The ballot measure has recently been under fire from meat industry trade groups, while animal rights groups have championed the measure. Quarles also pointed to another example where a bill pushed through Congress in 2016 nullified a law in Vermont that would have required genetically modified ingredients to be clearly labeled on products in the state.

NASDA adopted policy introduced by Quarles advocating for agribusinesses to address vulnerabilities to cyberattacks given the threat of disruption to the nation’s food supply and the threat of stolen intellectual property, according to a spokesperson for the Kentucky Department of Agriculture.

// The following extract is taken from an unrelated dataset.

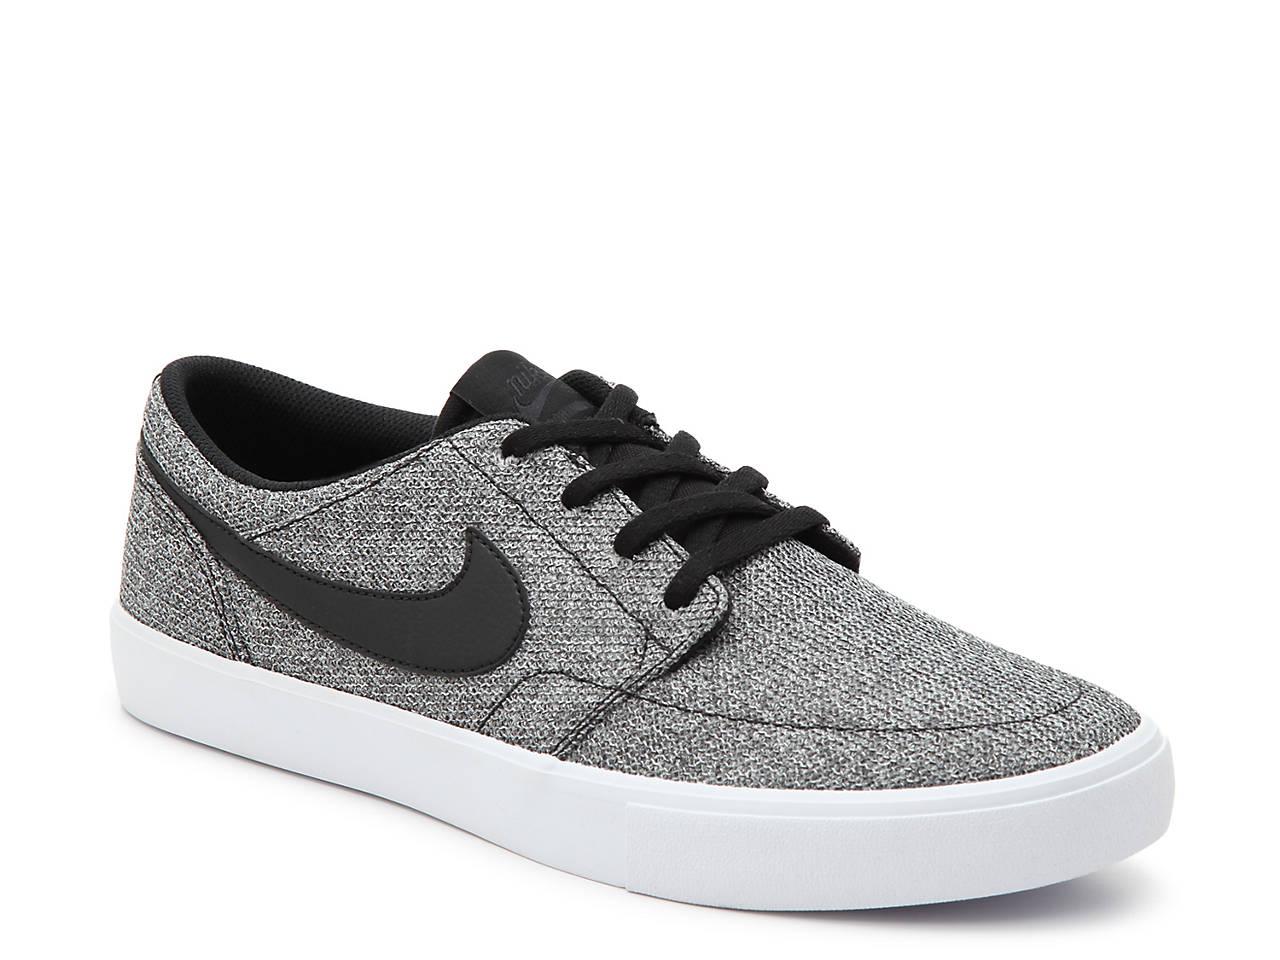 d67d87558d10 Nike SB Portmore II Canvas Sneaker - Men s Men s Shoes

Meatpacking giant JBS said this summer the company had to pay $11 million to hackers in a ransomware attack this summer.

The organization also adopted policy advocating for temporary, seasonal visa programs for farmworkers year-round visas.

Quarles finished his year-long tenure as NASDA president at the conference. He said ultimately it’s up to the federal government to implement much of what NASDA is advocating for at the state level.